• _Exercise data_:
================================

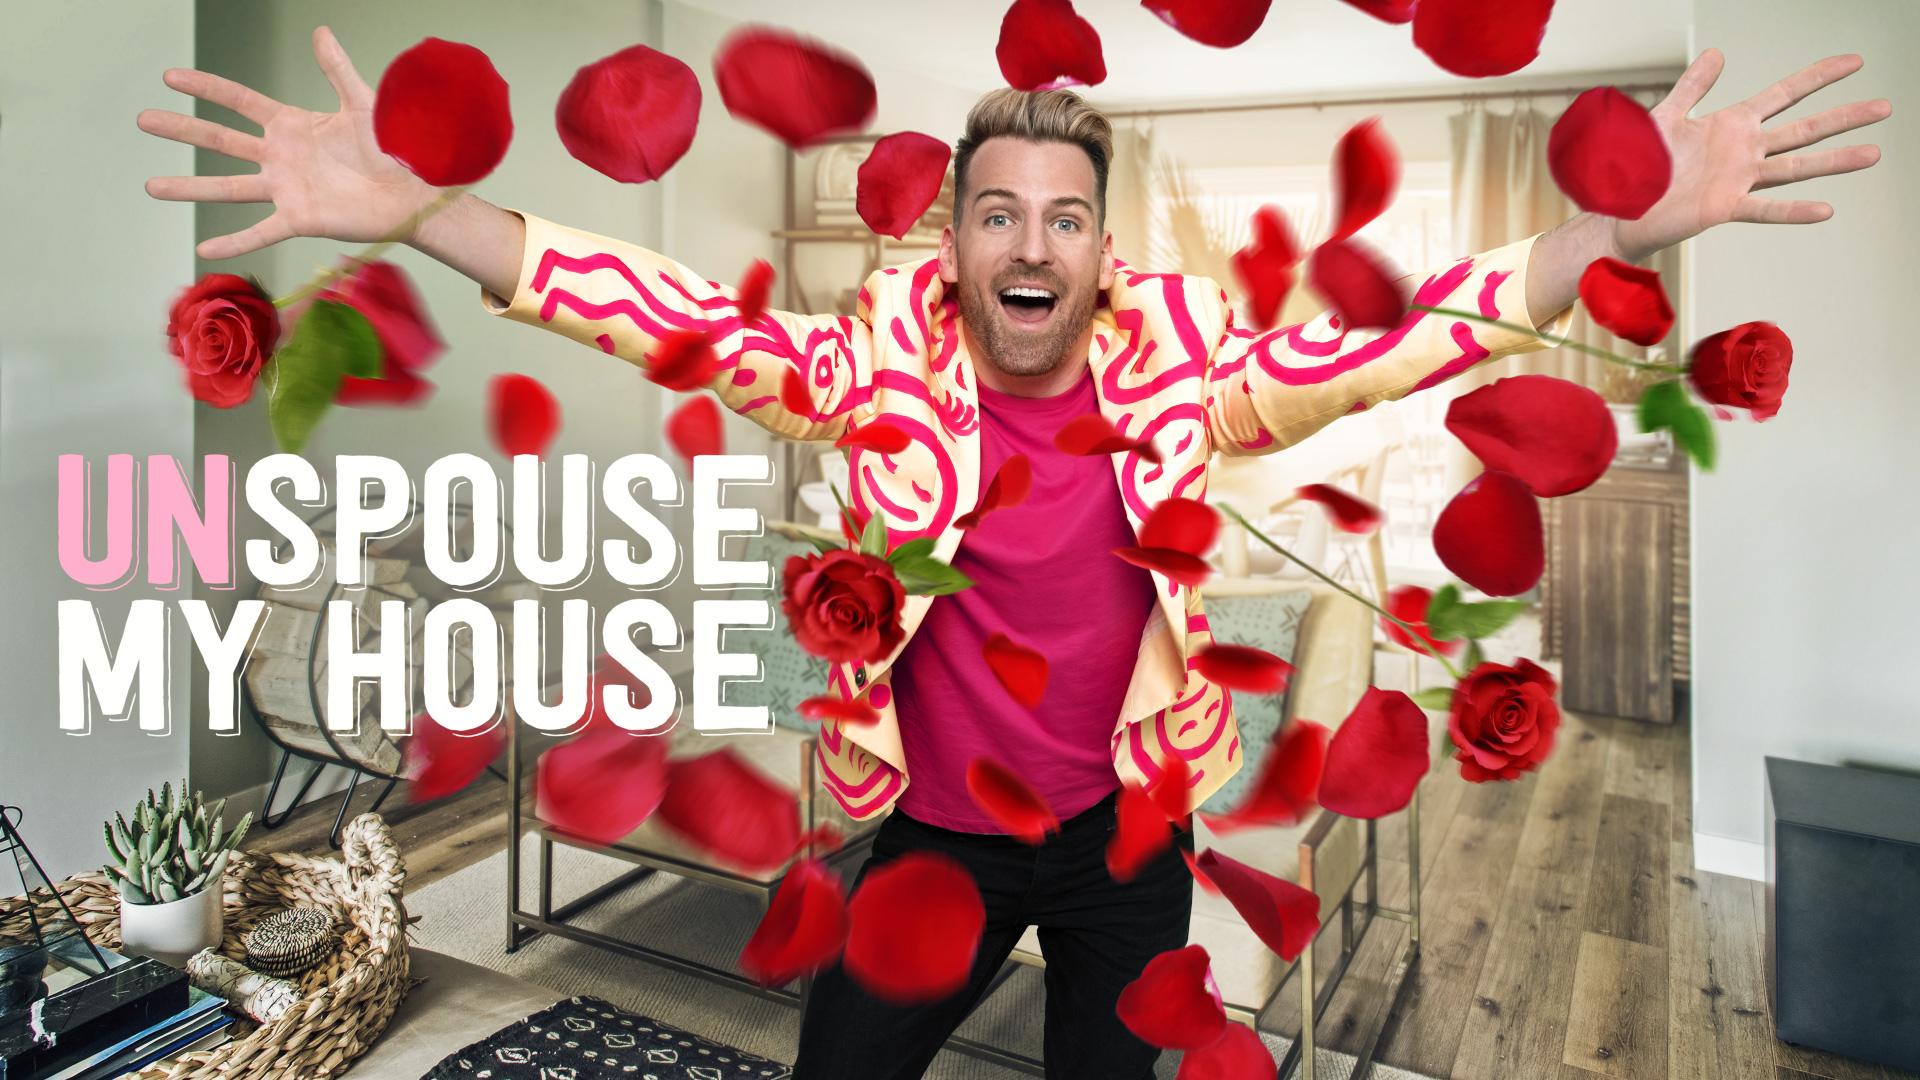 Unspouse-My-House-ShowChip-1920x1080.jpg
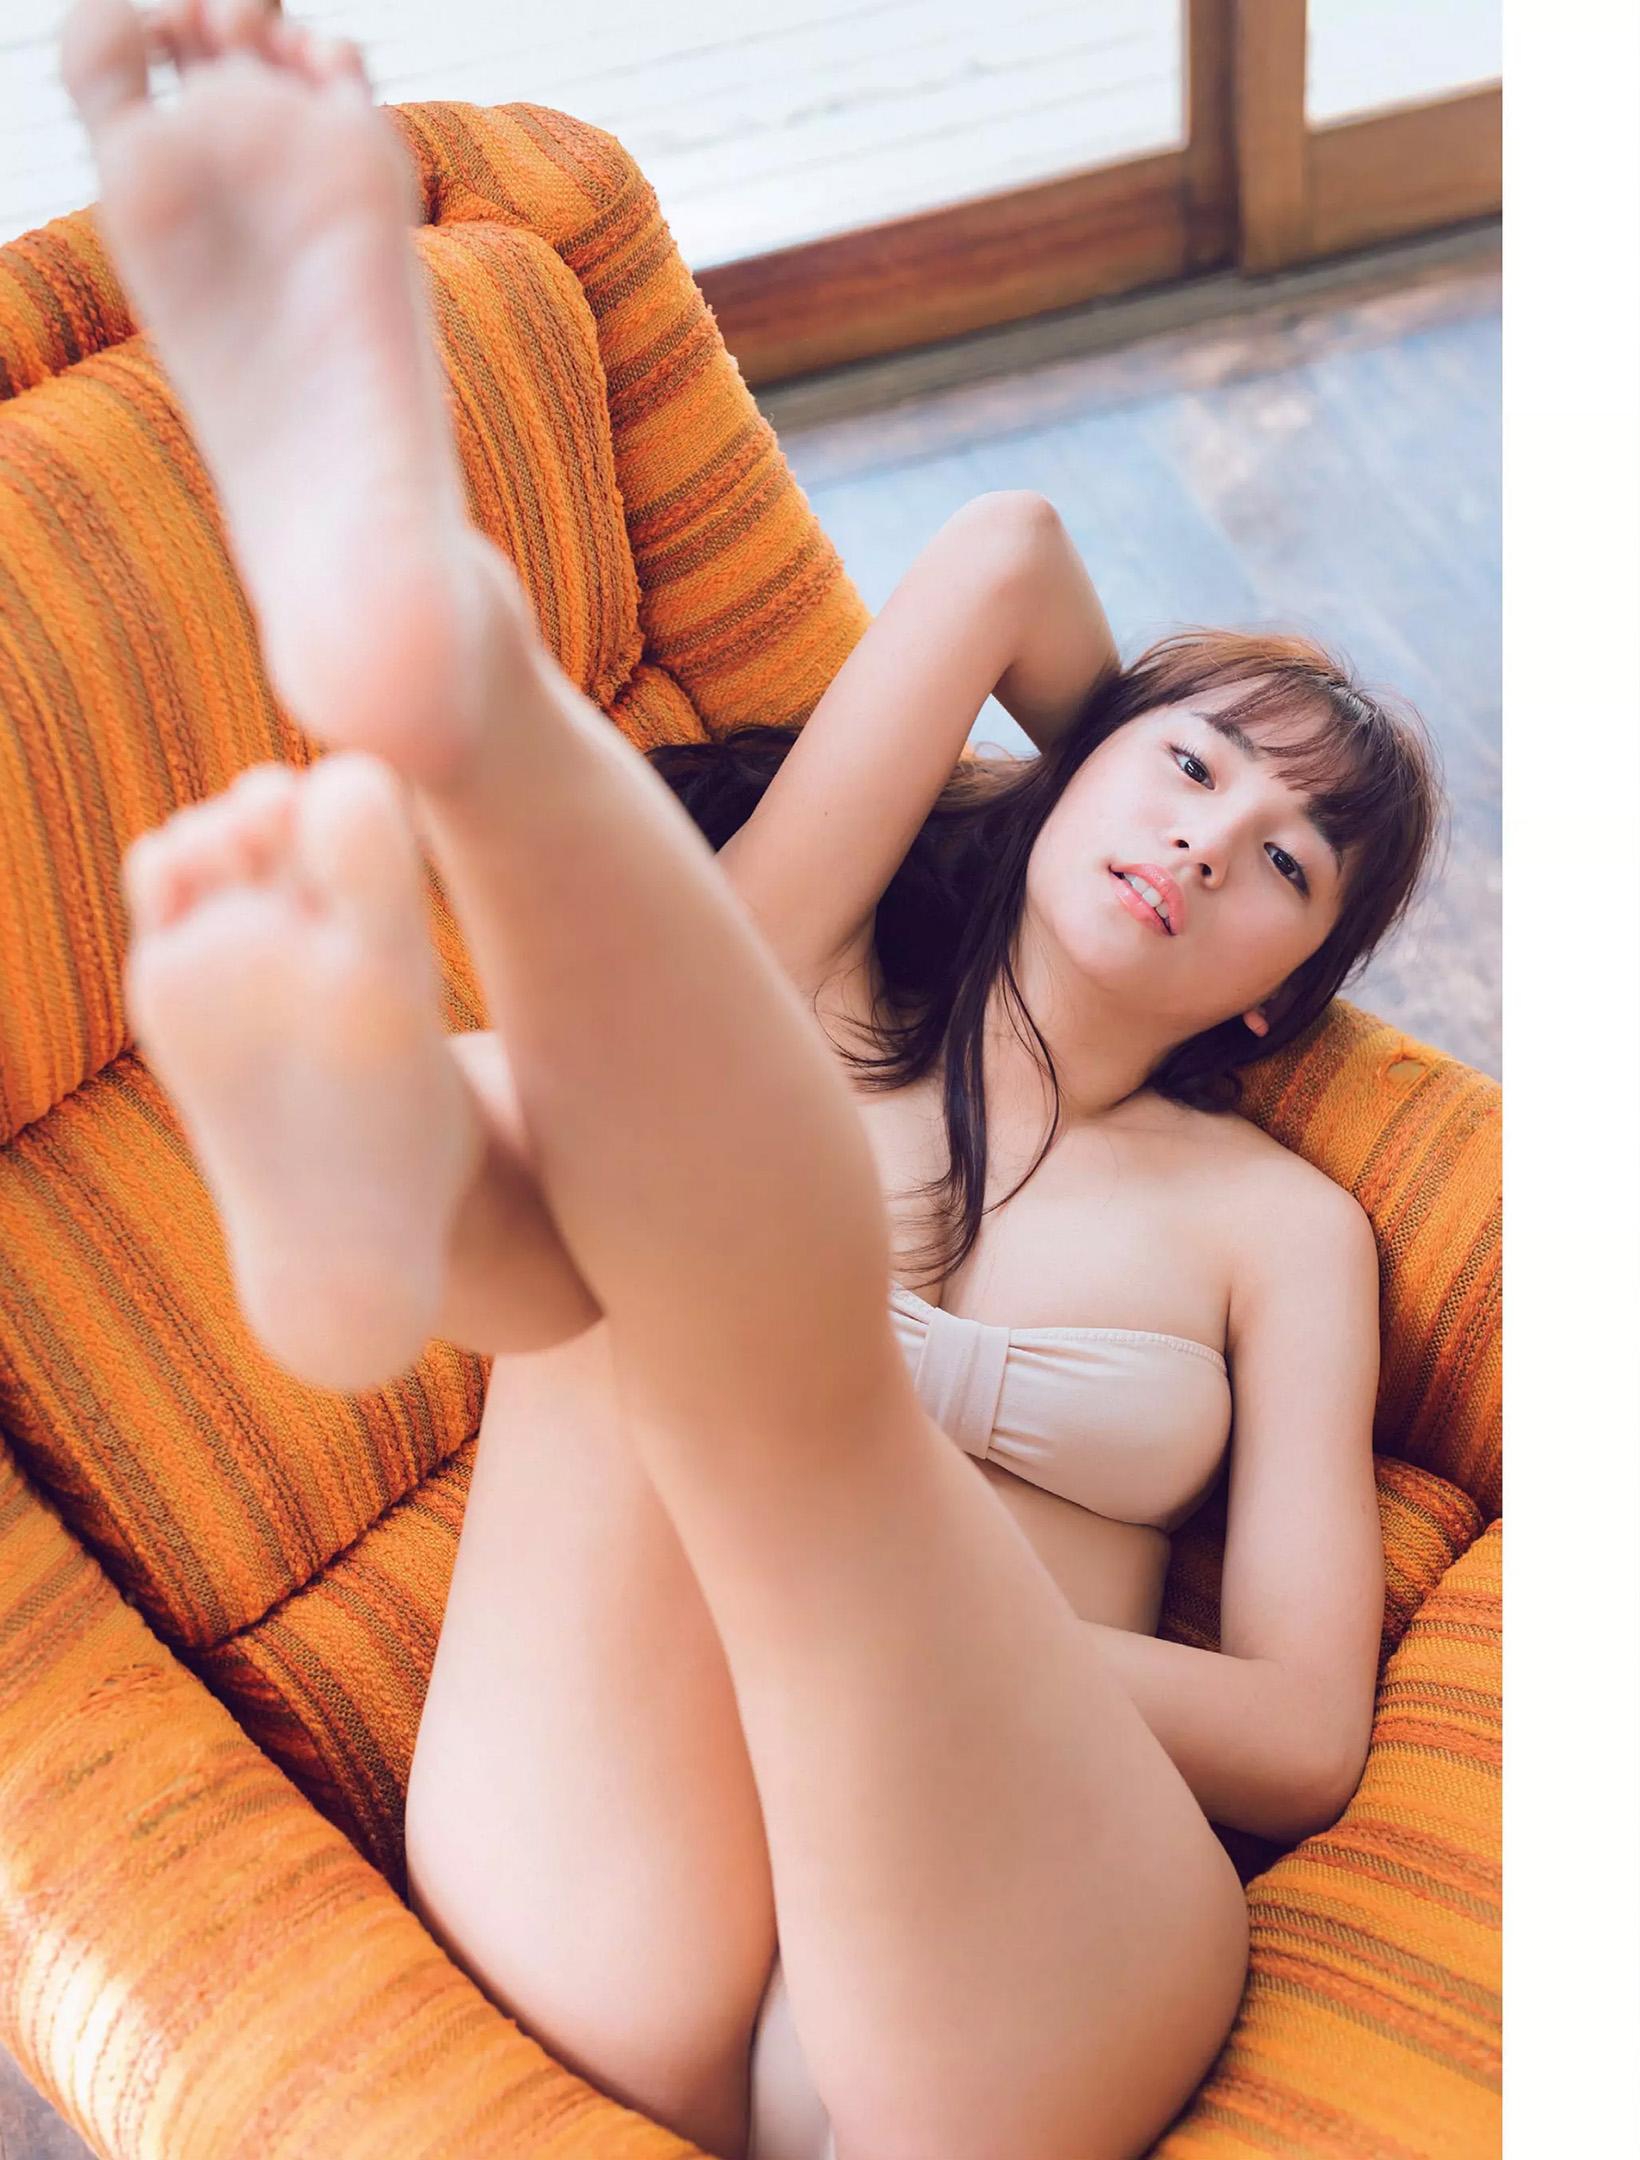 image http://scanlover.com/assets/images/414-5xexsSQj64exvSU5.jpeg
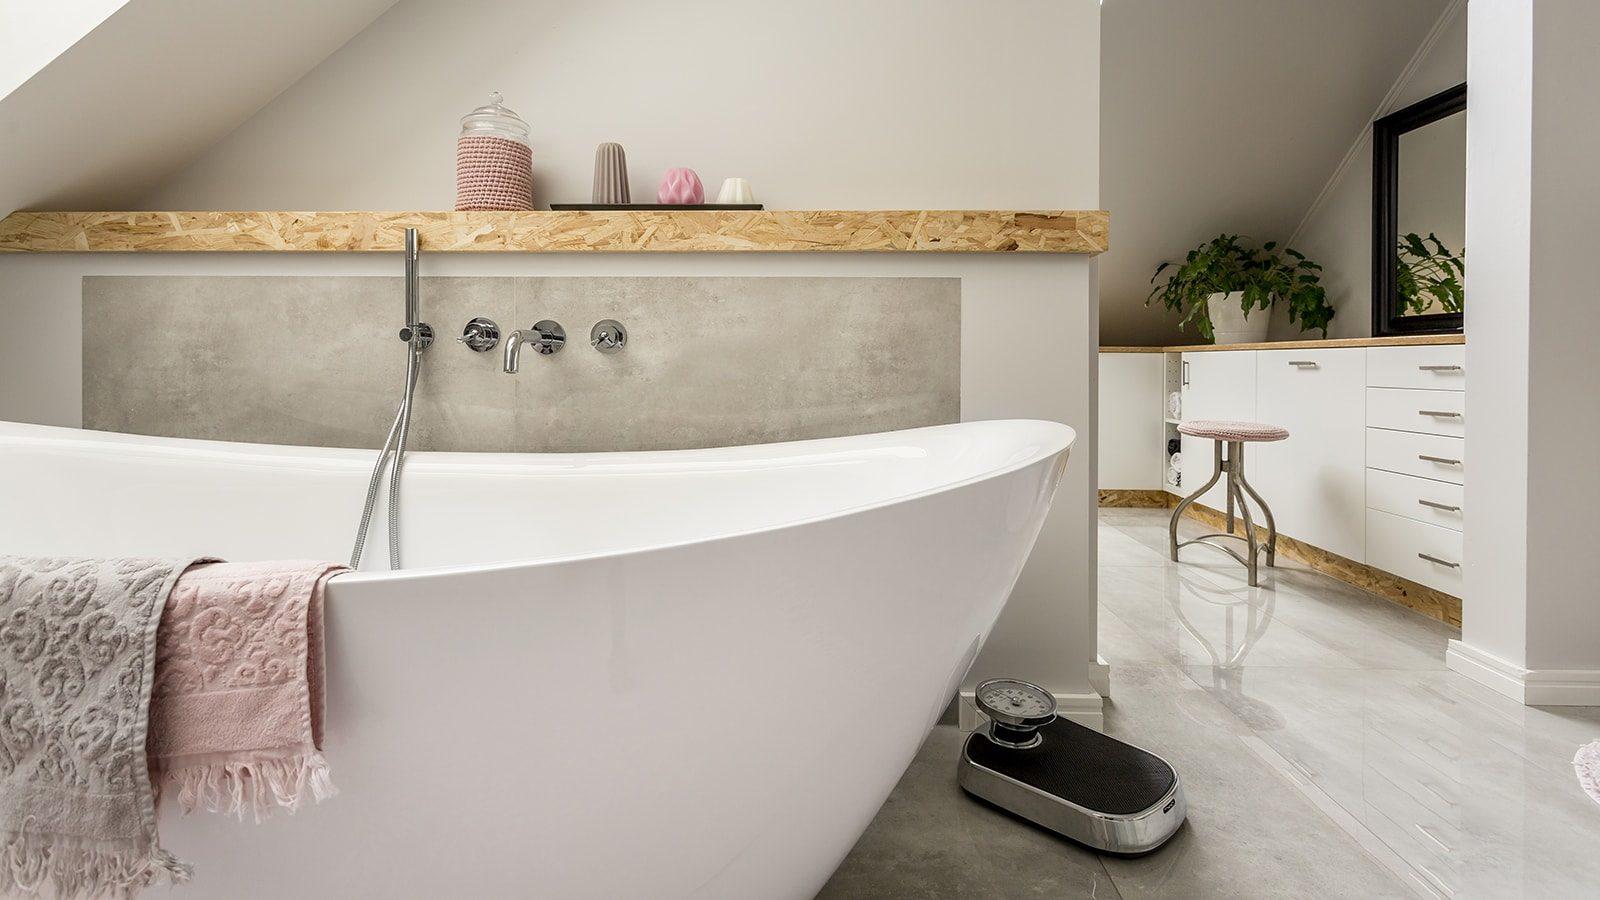 Bath tub in ensuite bathroom

================================

• _What the task requires_: The expected result is the material restated word for word, minus any picture.

• _Worked solution_:
 Unspouse-My-House-ShowChip-1920x1080.jpg
 image http://scanlover.com/assets/images/414-5xexsSQj64exvSU5.jpeg
 Bath tub in ensuite bathroom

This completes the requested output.